O longa de Ozon aposta naquilo que não está na tela para tecer a psicologia de personagens que aparentemente não têm muito conflito a resolver. Na verdade, Está tudo bem acompanha mais um processo de amadurecimento de resoluções do passado do que propriamente uma jornada convencional de superação de obstáculos. O diretor e roteirista examina toda a trajetória que leva Emmanuèle ao ponto em que se encontra no filme. Nesse sentido, Ozon traz uma história sobre o tempo e como ele é capaz de contornar desavenças e mágoas, fazendo “ficar tudo bem” a despeito dos problemas que a vida inevitavelmente coloca na nossa frente.

Apesar de amar André, Emmanuèle sempre teve uma relação complicada com o pai, marcada pela separação nada amistosa dele com sua mãe, participação de Charlotte Rampling, e pelo bullying que praticava com a garota por conta da sua aparência e dos seus hábitos alimentares. Em dado momento do filme, Emmanuèle confessa ter passado por situações em que desejou a morte do pai. No entanto, apesar das turbulências do passado, o que se vê na maturidade da personagem é uma forte cumplicidade e afeto com esse homem. Talvez por esta resiliência de Emmanuèle, André se sinta mais confortável em pedir a ela que prepare a sua morte.

Está Tudo Bem

Sophie Marceau tem um ótimo desempenho nesse drama de Ozon interpretando uma mulher que na maior parte do tempo consegue conter bastante sua reatividade aos eventos. É interessante como Emmanuèle se relaciona intimamente com a violência, seja ela verbal ou física. Socialmente, Emmanuèle é uma mulher muito polida, aparentando sempre muita calma e controle, mas na intimidade, por exemplo, é capaz de se mostrar fã do cinema gore e tem seus momentos de choro rasgado no banheiro. Marceau consegue exibir na tela as nuances dessa personagem que represa medos e raivas, adquirindo “frieza” para solucionar questões delicadas. É um desempenho discreto, muito bem executado pela atriz na tela.

Com uma produtividade invejável, Ozon entrega um filme que aparenta simplicidade, mas se mostra denso nas relações interpessoais que traça para seus personagens. Distante da utopia na construção das relações entre pais e filhos, Está tudo bem fala como muitas vezes nesses laços familiares as tensões são mais frequentes do que o cenário fantasioso do “amor incondicional” e harmonioso. Em dado ponto, Emmanuèle confessa que teria adorado ter seu pai como amigo, no entanto, a paternidade não trouxe esta situação para a relação deles.
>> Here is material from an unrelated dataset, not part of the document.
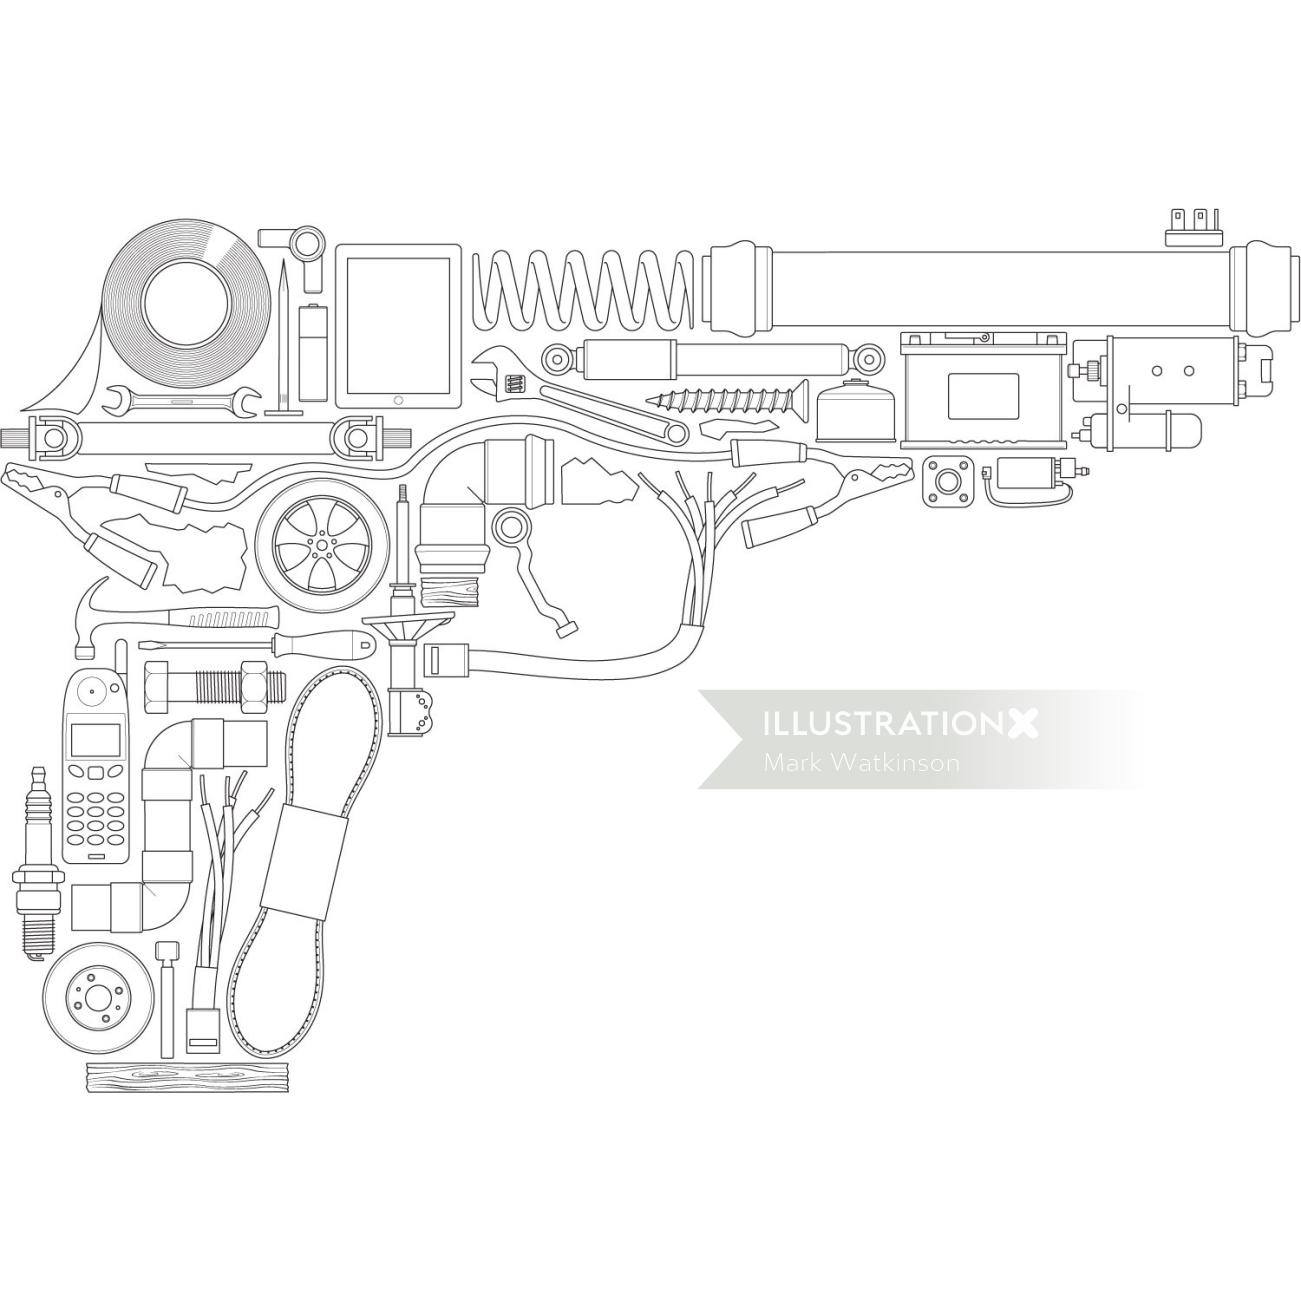 Black and white illustration of gun architecture

Nesse sentido, Está tudo bem fala como as relações familiares acabam sendo atravessadas não apenas por afeto, mas por responsabilidades, conflitos de interesse e pontos de vista distintos sobre o modo de conduzir a vida. As tensões, rupturas e sentimentos negativos são naturais no seio familiar e o mais libertador é quando compreendemos isso, superamos certas desavenças e fazemos as pazes conosco e com os outros.